Reply to post: Re: Useless crime enforcement

I say, that sucks! Crooks are harnessing hoovers to clean out parking meters in Chelsea

Lee D Silver badge

Re: Useless crime enforcement

CCTV has several major problems.

- You can't watch every camera 24 hours a day without there being a person there watching each one 24 hours a day.

- If you happen to see a crime in progress (which may take you several minutes to realise even in the obvious cases), actually doing anything about it is several more minutes away.

- If you have historical footage of a crime... great. Now what? "He was a short man in a hoodie". In London. Good luck tracing that guy without thousands of cameras all over every road in London (which, despite US media propaganda, we just don't have)

Working in IT for schools means that I'm responsible for the CCTV on large sites - 50+ cameras on many of them.

Allow me to summarise the numbers:

Percentage of incidents actually in progress that we witnessed live: 0%

Percentage of crimes that occurred where we could see anything on the CCTV: 1%

Percentage of crimes that we had footage of, but in which not one identifying feature was present: 99.9%

Percentage of crimes that we had full HD footage, showing faces, of which resulted in any convictions whatsoever: 0%.

In fact, over the last 20 years let me summarise every "success" of the CCTV:

A "kid" (18yo) started a fight in a corridor with another pupil. A supply teacher, who hadn't worked in the school before, stepped in and gently pushed - with the palm of his hand - the kid who had started the fight back against the corridor wall (no injury, nothing fast or hard, just a literal "Hey, hey, hey... no.."). The parents complained. He was struck off the teaching register while police investigated an allegation of assault against him.

It's the one, single, solitary time when I've had to provide actual evidence via the CCTV.

Now consider that my systems have "caught" three burglaries, multiple intruders, deliberate vandalism of fire doors which could have endangered life (by a disgruntled local man running for councillor, no less), and all kinds of assaults, breakages, thefts, etc. on camera.

Then multiply those percentages above to work out what else *did* go on but we didn't actually have *anything at all* from the CCTV.

CCTV is there for monitoring and peace of mind. I can see my house from work. I'm the only person who actually cares if my house is broken into. The neighbours will complain loudly about any alarm going off, while simultaneously ignoring it, so they are pointless. But with CCTV I can *see* if someone's jumping / jumped my fence and report a crime in progress. Despite being in control of dozens of cameras for work... I can't just sit and watch them all day. And even if we pull up an incident it usually contains nothing of interest at all (everything from "so-and-so pushed me in the playground" to "what time did John go home" to "we heard noises outside last night").

Don't expect cameras to do *anything* at all.
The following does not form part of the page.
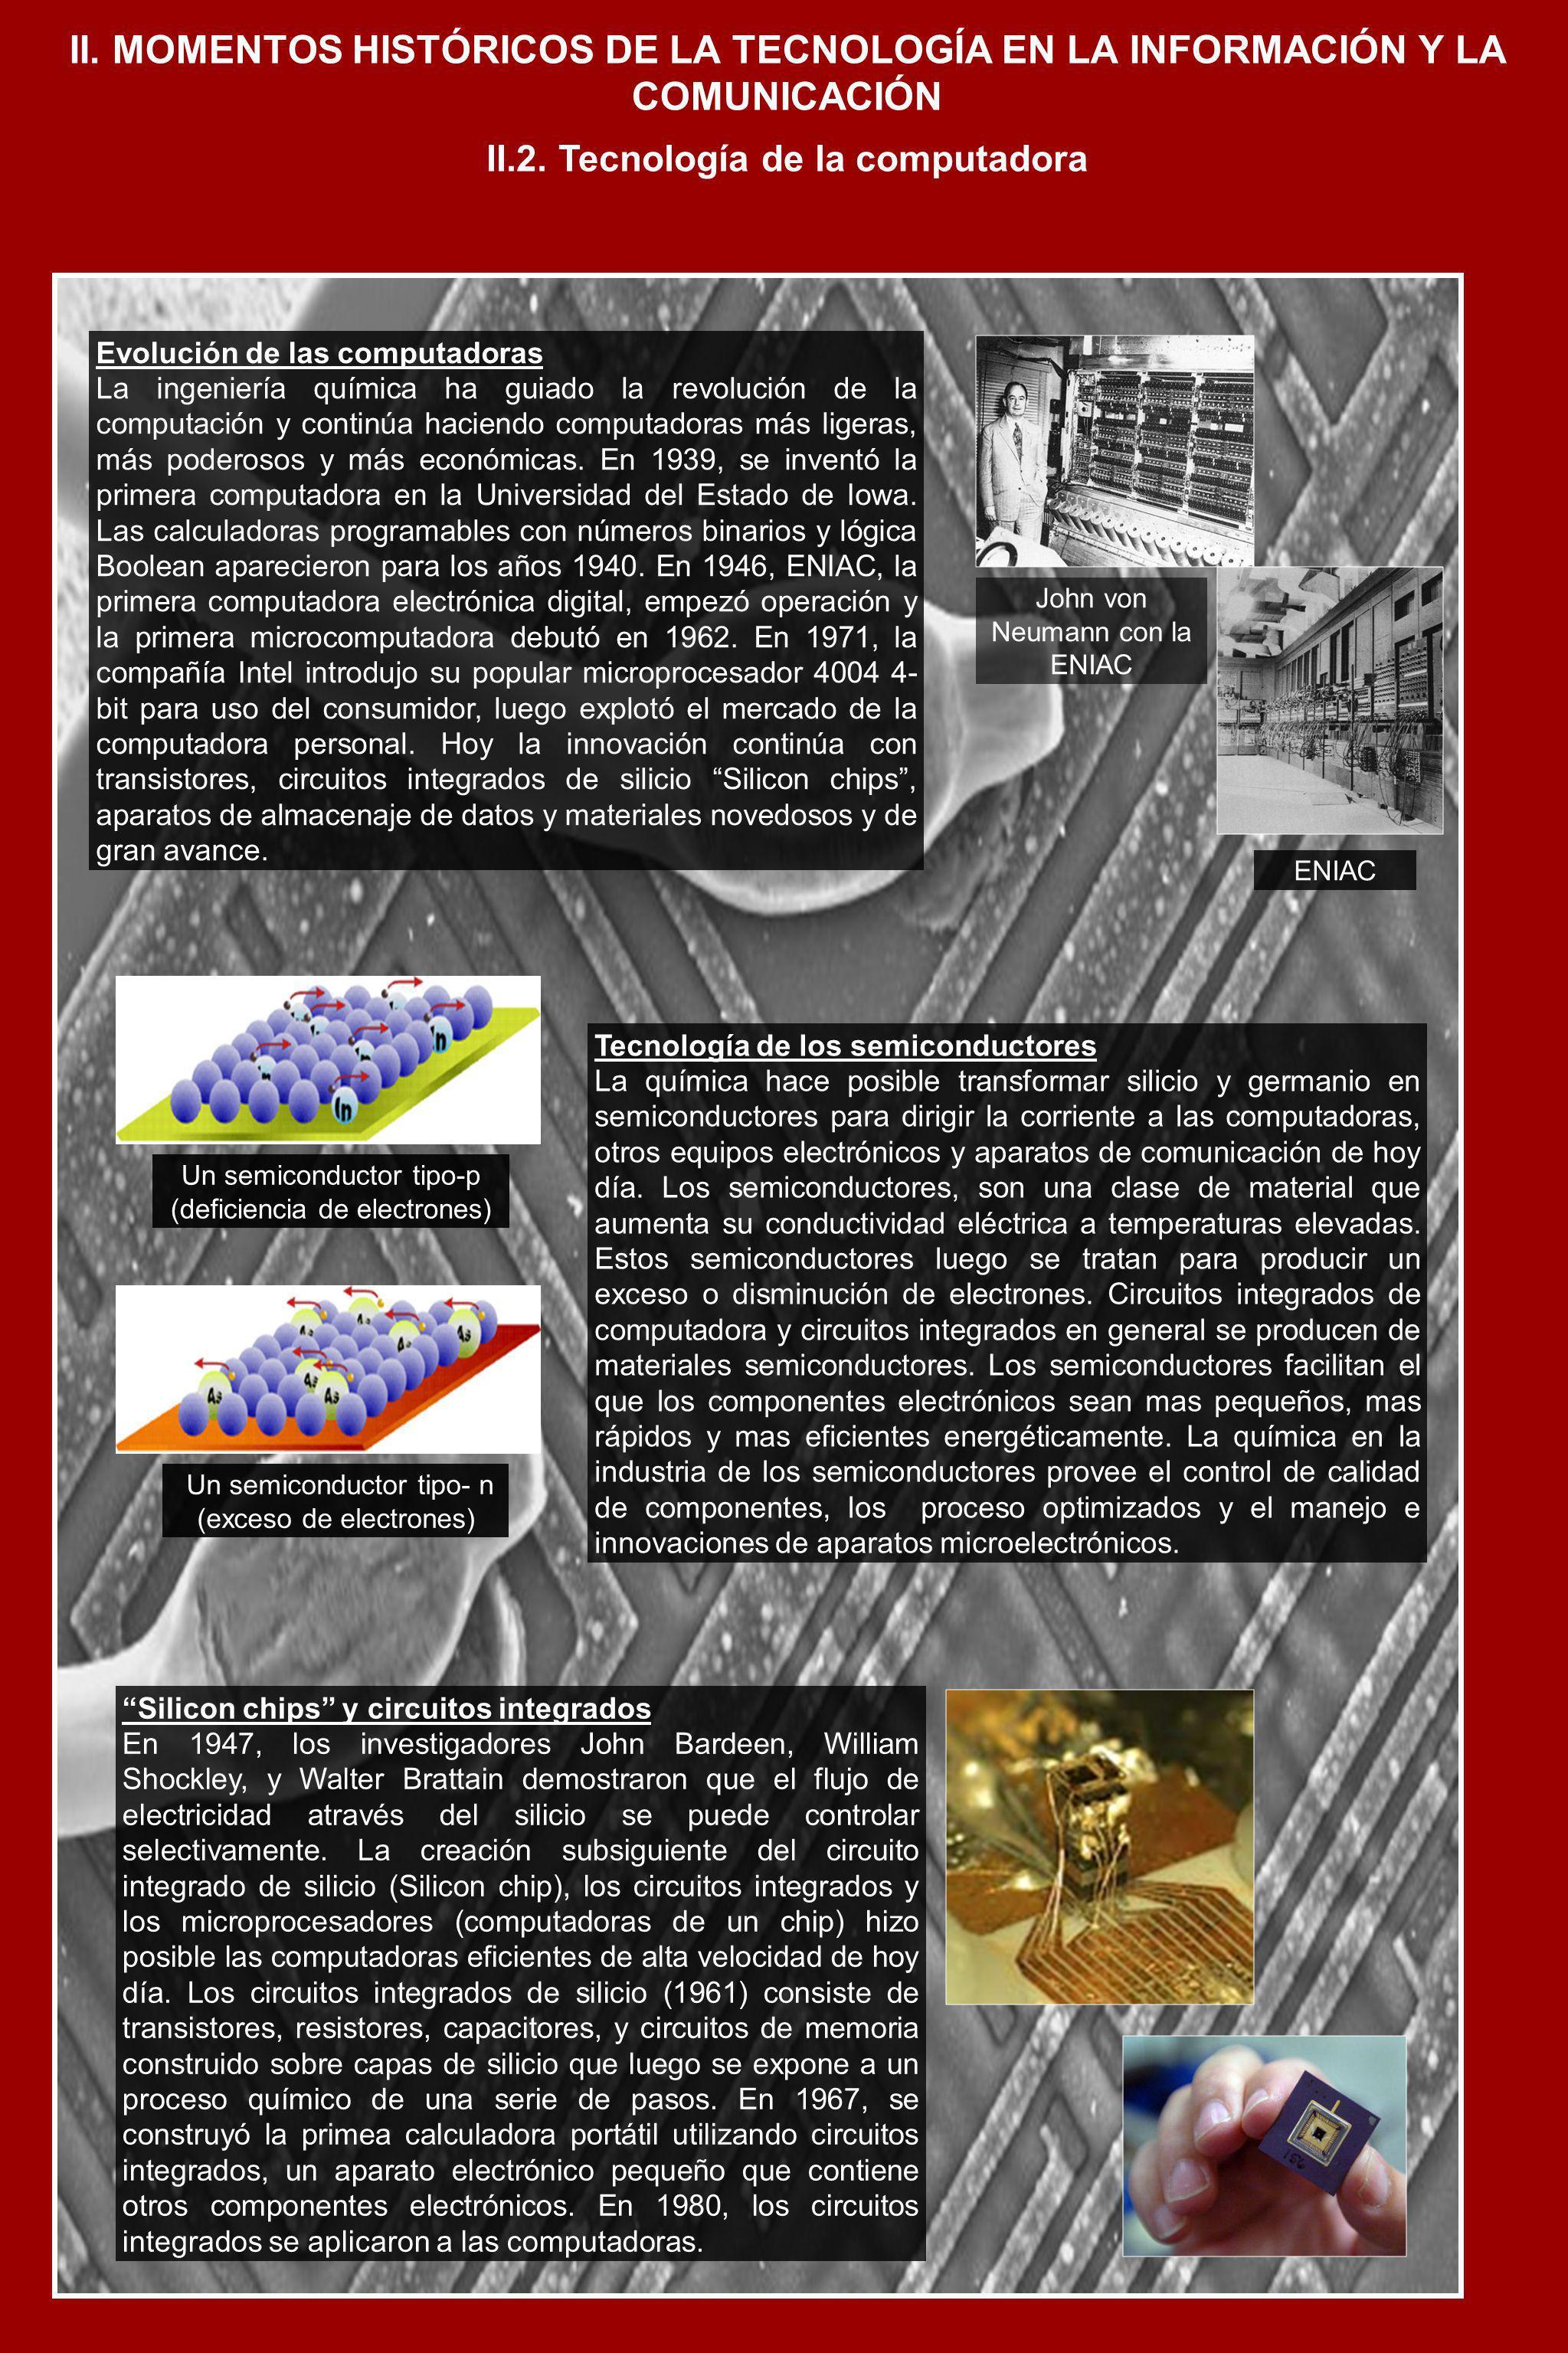 II. MOMENTOS HISTÓRICOS DE LA TECNOLOGÍA EN LA INFORMACIÓN Y LA COMUNICACIÓN Evolución de las computadoras La ingeniería química ha guiado la revoluci

They are defeated by the simple precept of "wear generic plain-coloured clothing, preferably a hoodie to cover your face". And, in fact, most of the time you can commit a crime right in view of a camera perfectly well without getting anything worthy of evidence at all (e.g. supermarket thefts - how do you think a camera high up can tell if one person put an extra bit of cheese in their bag in the middle of a crowded superstore?).